Miners have resisted, clashing with police while intermittently blocking traffic on the Interoceanic Highway in recent weeks. One miner was killed and more than 50 people hurt by shotgun and gunfire during those confrontations.

Illegal mining accounts for about 20 percent of Peru's gold exports, and most miners are poor migrants from the Andean highlands. By cracking down the government is toying with a powder keg, some Peruvians fear.

"People are going to go hungry," said Luis Otzuka, president of Fedemin, which represents the informal miners. "This is a dictatorial, authoritarian government."

He said his group was sending a delegation to Lima, the capital, on Tuesday to appeal to officials to halt the crackdown.

"In the course of this week there will be strikes," Otzuka said. "The government is clearing out the mining corridor. The idea is to do away with mining in Madre de Dios."

Miner Joel Macedo looked on disconsolately as machinery burned in the mining camp where he worked.

"Where am I going to work now? Do they want me to become a criminal?" he said.

Urresti said the government will soon decree the investment of $35 million in public works projects in the region to offer the miners employment in agriculture, ecotourism and other areas.

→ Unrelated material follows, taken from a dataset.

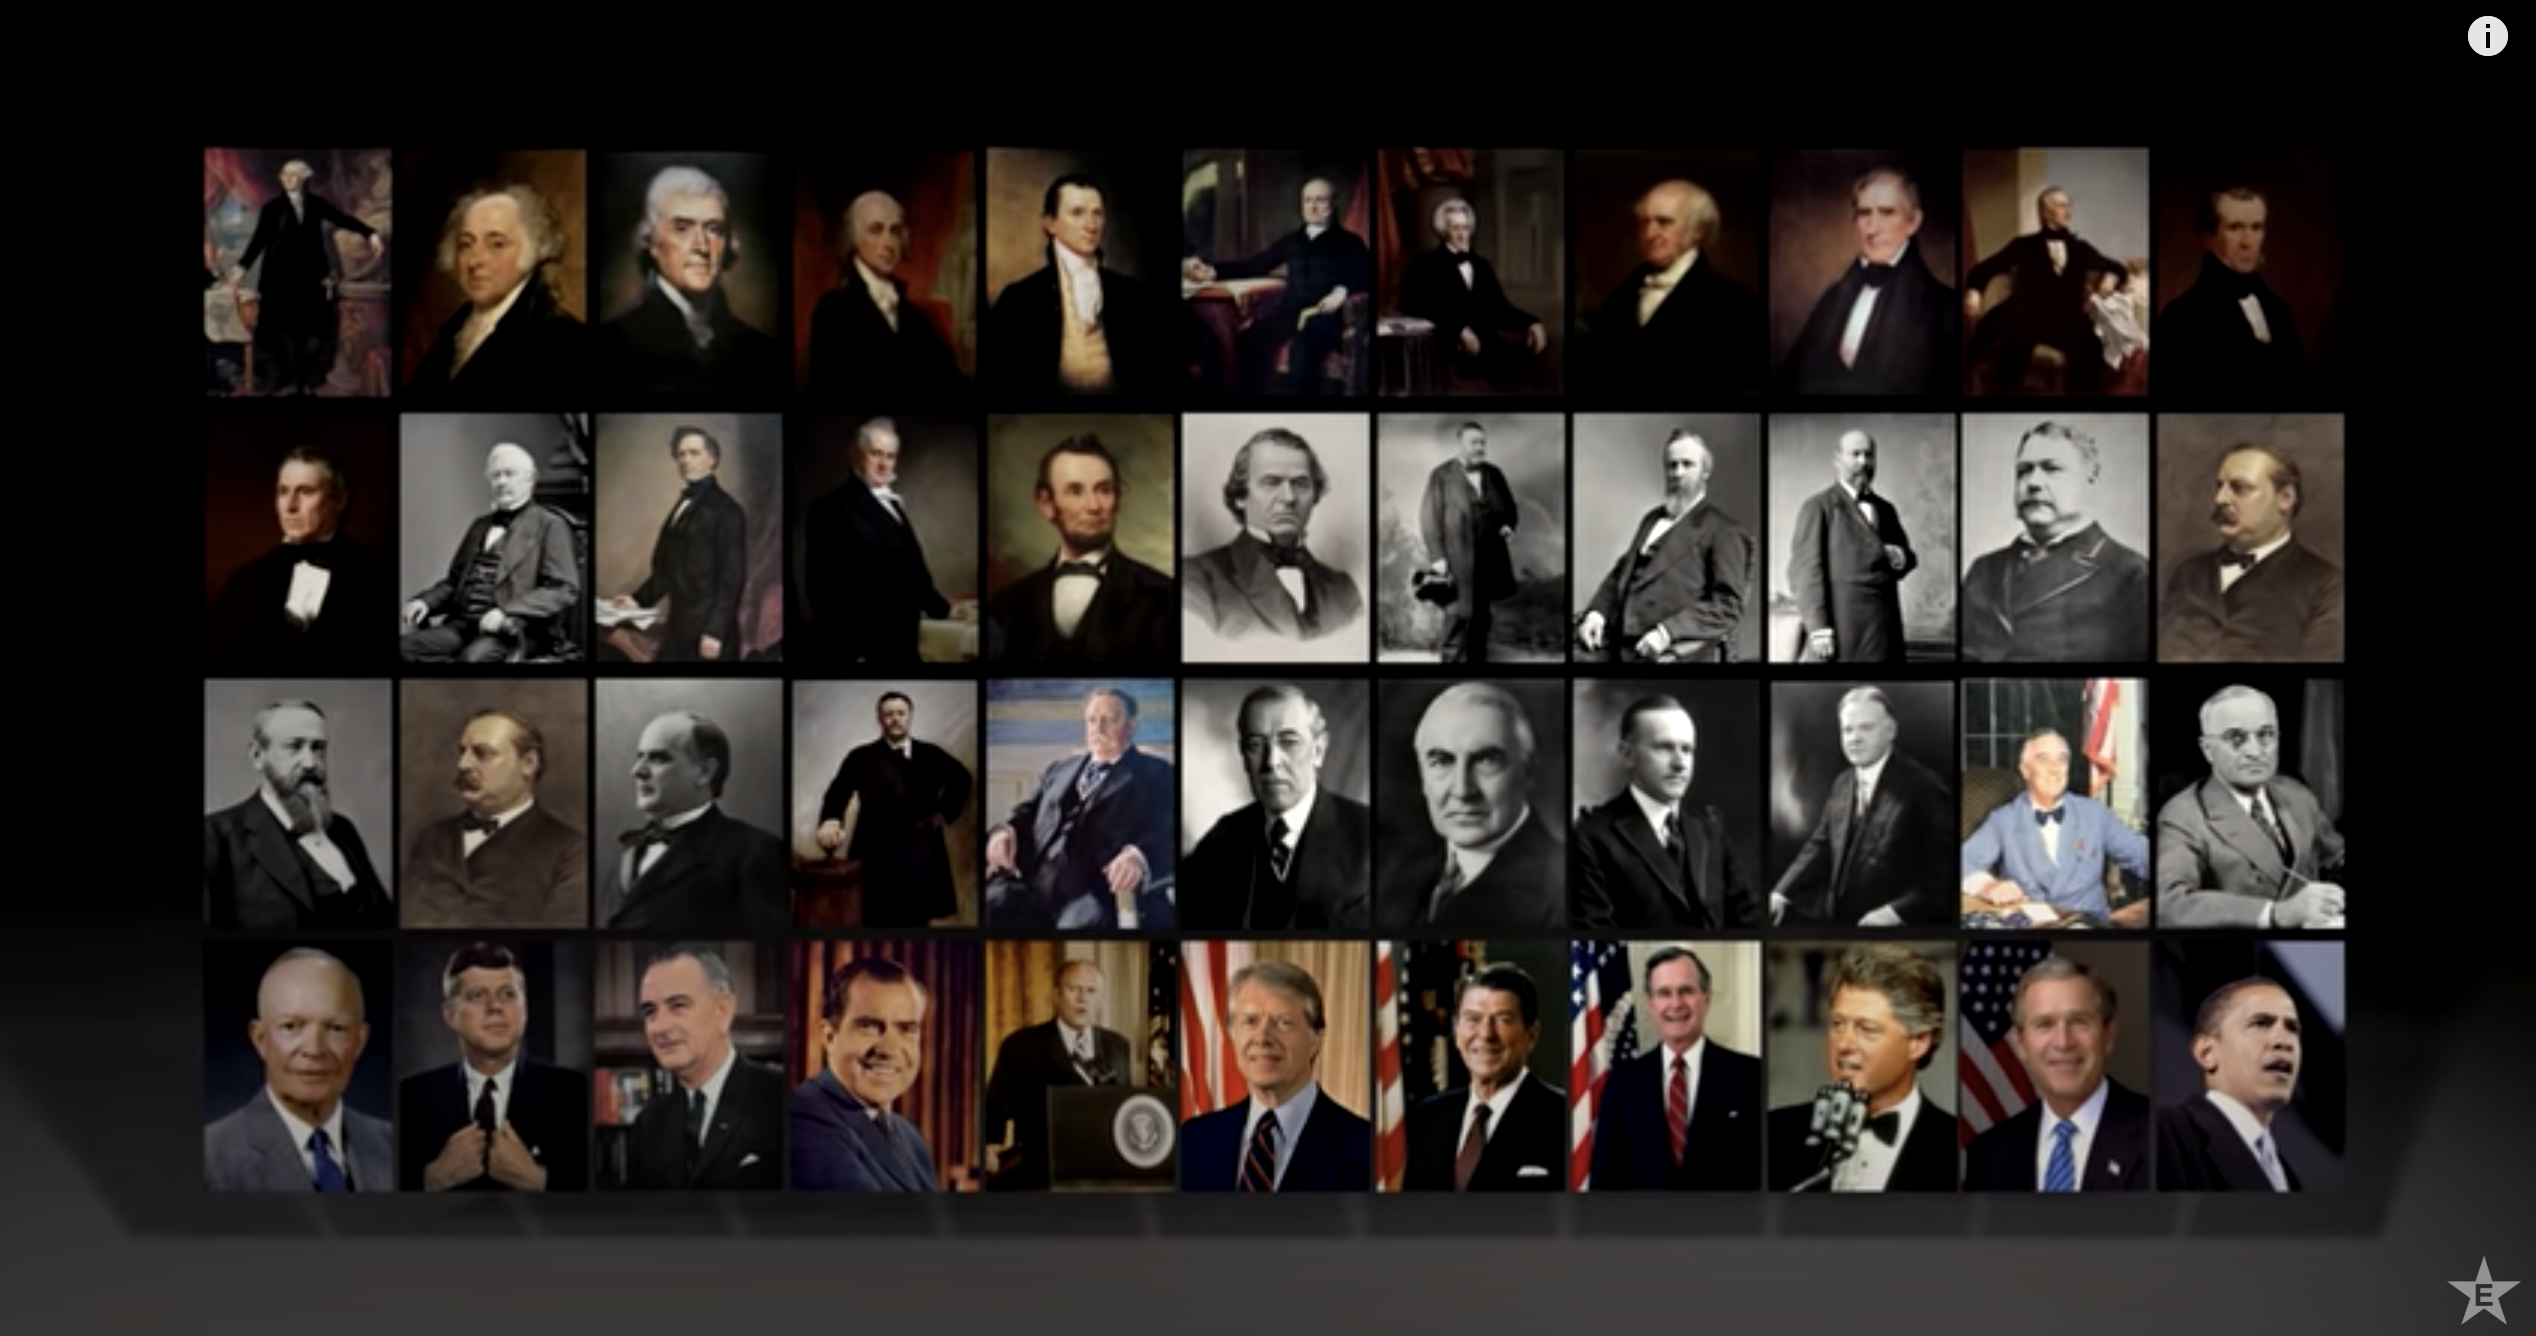 Photos and Pictures of the 45 American Presidents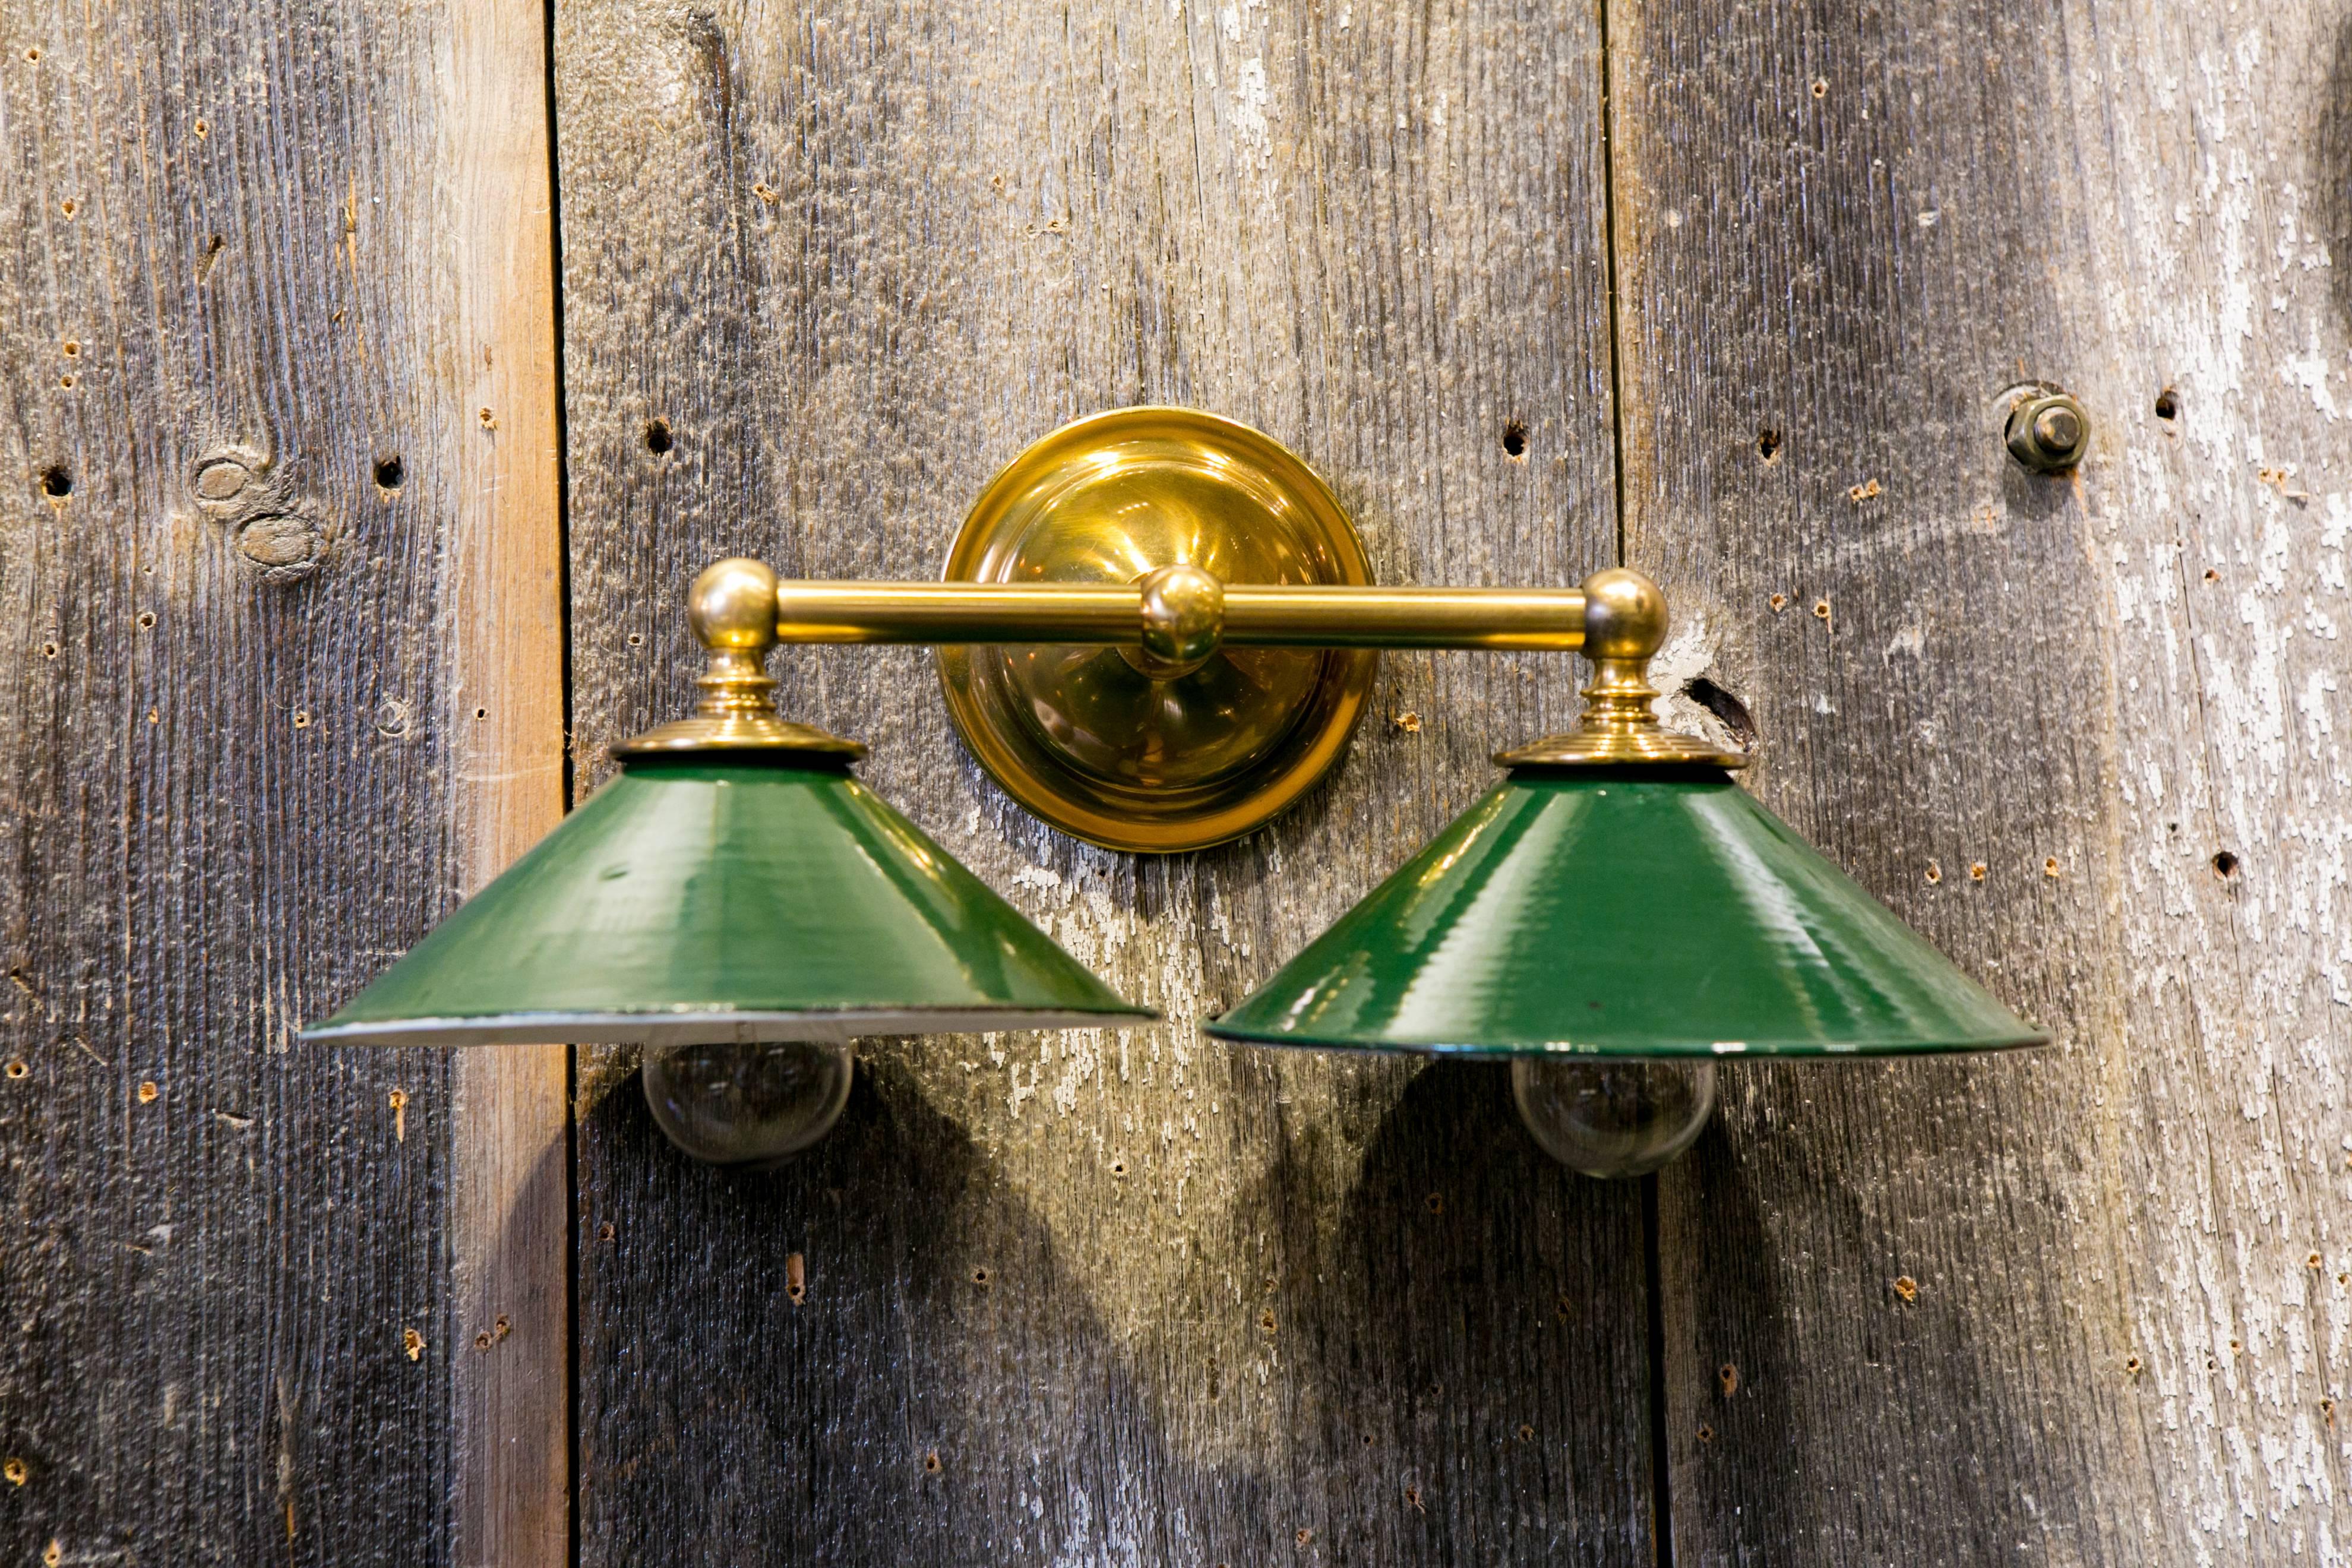 Industrial Brass Wall Sconce with Green Enamel Downward Facing Shades, circa 1920

"We know we're not going to do away with illegal mining unless we solve the social problem," he said.

Urresti said the government has no plans to forcibly remove miners from the shantytowns where they live.

He said the government sympathizes with the miners, and is more interested in the businesspeople behind the illegal mining. The government has vowed to identify and prosecute them.

"The people who are illegal are the 50 people who are financing all this, not the day laborers who do all the hard work under dangerous conditions and are poisoned with mercury," he said.